Toxic alcohol brew kills at least 34 in India’s Tamil Nadu
A batch of toxic illegal alcohol in India has killed at least 34 people with more than 100 others rushed to hospital, Tamil Nadu state officials told reporters on Thursday.
The deadly mix of locally brewed arrack drink was laced with poisonous methanol, chief minister M.K. Stalin said, the Press Trust of India news agency reported.
Stalin said arrests have been made over the deaths and warned such crimes “ruin society and will be suppressed with an iron fist”, according to a statement from his office.
Hundreds of people die every year in India from cheap alcohol made in backstreet distilleries.
In order to increase its potency the liquor is often spiked with methanol which can cause blindness, liver damage and death.
In the Tamil Nadu case, more than 100 people were hospitalised according to M.S. Prasanth, a top government official in the state’s Kallakurichi district, quoted by Indian media.

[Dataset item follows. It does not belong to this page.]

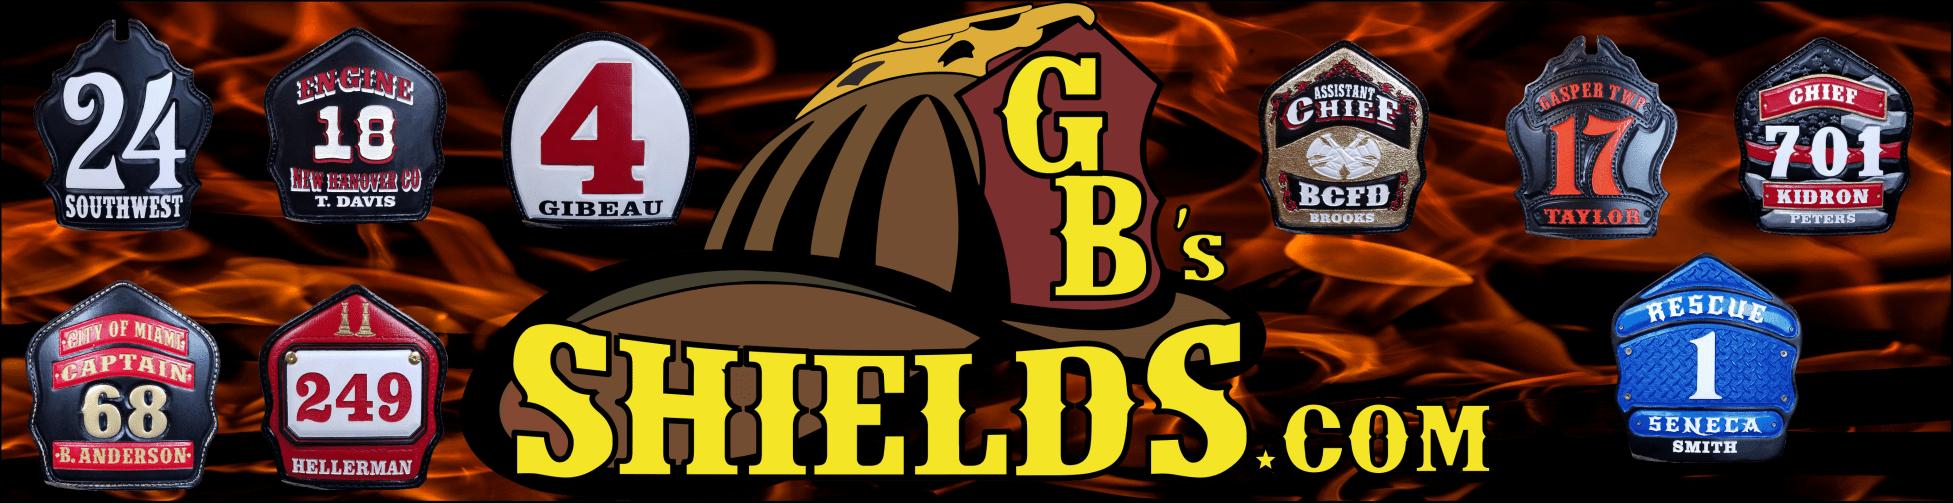 GB Shields

State governor R.N. Ravi was “deeply shocked” at the deaths, adding that “many more victims are in serious condition battling for [their] lives”, writing on social media platform X.
Tamil Nadu is not a dry state, but liquor traded on the black market comes at a lower price than alcohol sold legally.
Selling and consuming liquor is prohibited in several other parts of India, further driving the thriving black market for potent and sometimes lethal backstreet moonshine.
Last year, poisonous alcohol killed at least 27 people in one sitting in the eastern Indian state of Bihar, while in 2022, at least 42 people died in Gujarat.